Preexisting Conditions
As
you may know, many group health plans limited or denied coverage
as to medical conditions that were present prior to an individual's
enrollment in the plan. Any
symptom that had been treated, diagnosed or discussed with a
doctor prior to enrollment would not be covered under the plan for
a designated period. HIPAA does away with preexisting coverage
limitations for stated conditions and for individuals who qualify
for such protection by having sufficient "continuous
coverage" under a previous group health plan.
The specific rules are as follows:
1.
Preexisting conditions are limited to those for which
medical treatment, advice or diagnosis was sought during the 6
month period ending on an employee's "enrollment
date" in the new plan. "Enrollment date" for this
purpose is the first date of coverage, or if there is a waiting
period, the first day of the waiting period, typically the date of
hire. This means that a condition for which an employee received
no medical advice or treatment during the 6 months prior to his
enrollment date can never under any circumstances be a preexisting
condition. An even shorter "look back" period may apply
under state law. So, the first thing HIPAA does is that it
confines the definition of preexisting condition.
2.
Certain preexisting conditions cannot be excluded from
coverage regardless of when treatment or initial consultation
takes place prior to enrollment.
Preexisting
condition exclusions can never be applied to pregnancy.
Similarly, genetic information that has not required
medical treatment can never be a preexisting condition. There are
also classes of individuals to whom preexisting condition
limitations cannot be applied. These classes include newborn
children, newly adopted children under age 18, children under 18
placed for adoption so long as such children are covered within 30
days of their birth, adoption or placement for adoption.
3.
HIPAA establishes a maximum period of 12 months
during which a coverage exclusion for a preexisting condition can
apply under a group health plan. This period can be extended to 18
months for late enrollees, but otherwise any exclusion of
coverage for preexisting conditions is prohibited after 12 months
from an employee's enrollment date.
A "late enrollee" for this purpose is an
individual who enrolls in the plan after the earliest date on
which coverage is available under the plan.
4.
HIPAA requires that all "creditable coverage"

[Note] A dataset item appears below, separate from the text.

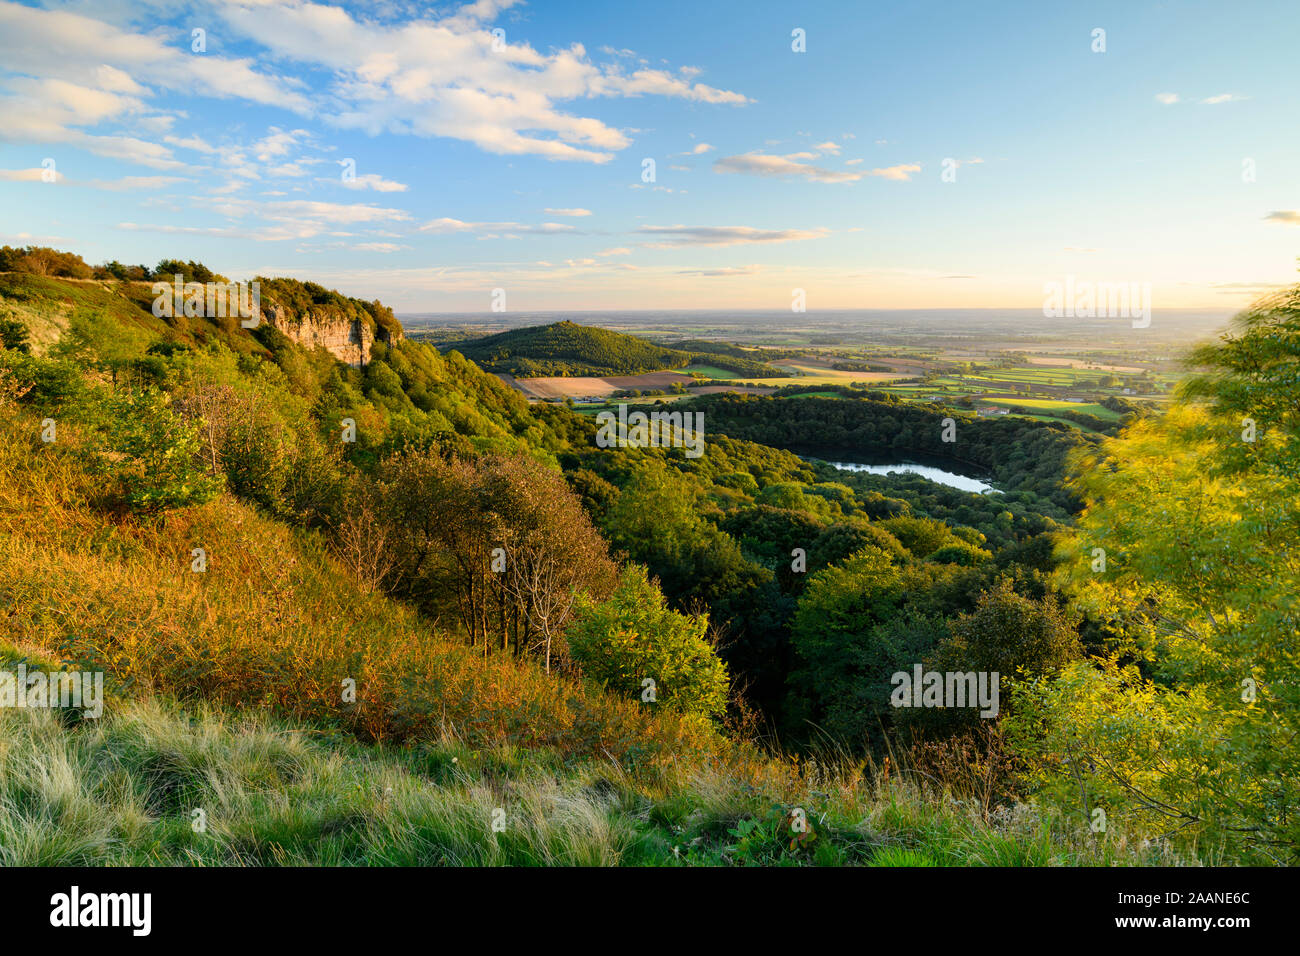 Landschaftlich schöne lange - Abstand (See Gormire, Haube Hill, Whitestone Felsen, Landschaft & blauer Himmel) - Sutton Bank, North Yorkshire, England, UK. Stockfoto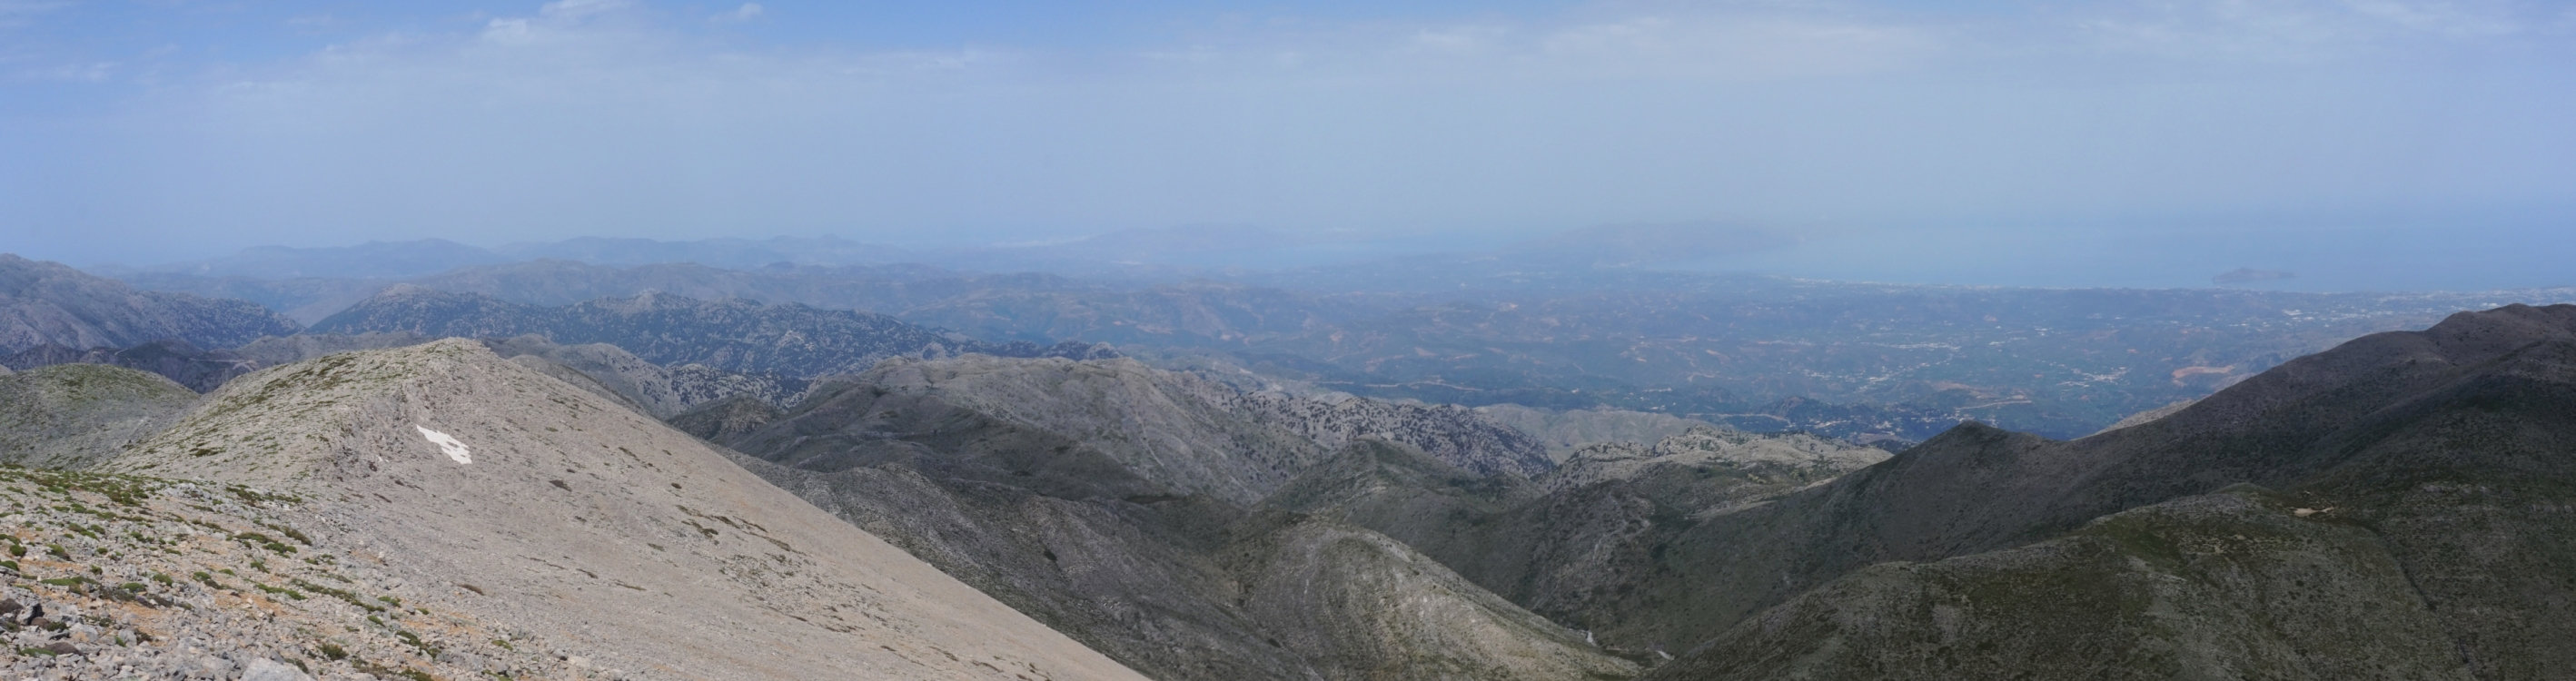 Der Blick vom Gipfel des Melindaoú über die Weißen Berge.

under a prior group health plan be set off against the 12 month
(or 18 month) maximum exclusion period unless a newly covered
employee has incurred a break in coverage of 63 days or more. So,
if an employee has 18 months of creditable coverage under a prior
health plan following any break in coverage of 63 days or more,
the employee will not be subject to any exclusions for preexisting
conditions even if he is a late enrollee. Similarly, an employee
with at least 12 months of creditable coverage under a prior
health plan who does not incur a 63 day break in coverage will not
be subject to any exclusions for preexisting conditions if he
enrolls in the new plan at his first opportunity to do so.
"Creditable
coverage" for this purpose means prior group health coverage
including COBRA continuation coverage, HMO coverage, coverage
under an individual health insurance policy and Medicaid or
Medicare coverage. Employment
during any waiting period when an employee has no coverage is not
included in creditable coverage.
Creditable coverage does not include coverage consisting of
only "excepted benefits" such as dental or vision
coverage.
5.
In order to document an individual's creditable coverage,
HIPAA imposes on group health plans and health insurance companies
an obligation to furnish certificates of coverage to document an
individual's prior creditable coverage. A certificate of coverage:
must
be provided automatically when an individual loses
coverage under the plan or becomes entitled to elect COBRA
continuation coverage and when an individual's COBRA
continuation coverage ends. This means an employee who elects
COBRA coverage must automatically be given two
certificates of coverage, one at the beginning of COBRA
coverage and one at the end of COBRA coverage.
A
certificate of coverage also must be provided, upon
employee request, before the employee loses coverage or within
24 months of actually losing coverage.
The
certificate of coverage is a standard form and should be easy
for most plan administrators to complete except for those
employees who have interrupted service. Remember, creditable
service only counts from after a 63 day break in service, so
if you have an employee who works for 2 years and then leaves
for, say, 3 months without electing COBRA coverage, and then
returns for 6 months during which he has group health
coverage, the employee's creditable coverage is 6 months,
the period following his 63 day break in coverage.
A
certificate of creditable coverage need not reflect more than
18 months of creditable coverage because that's the maximum
period that is relevant for HIPAA purposes.
Certificates
of creditable coverage are also required for dependents of
covered employees, and if the coverage information is the same
as for the employee, it can be included on a single
certificate with information for both the employee and the
employee's dependent. However,
an automatic certificate is not required until the plan or
insurance company becomes aware through the exercise of
reasonable diligence that a dependent has lost coverage.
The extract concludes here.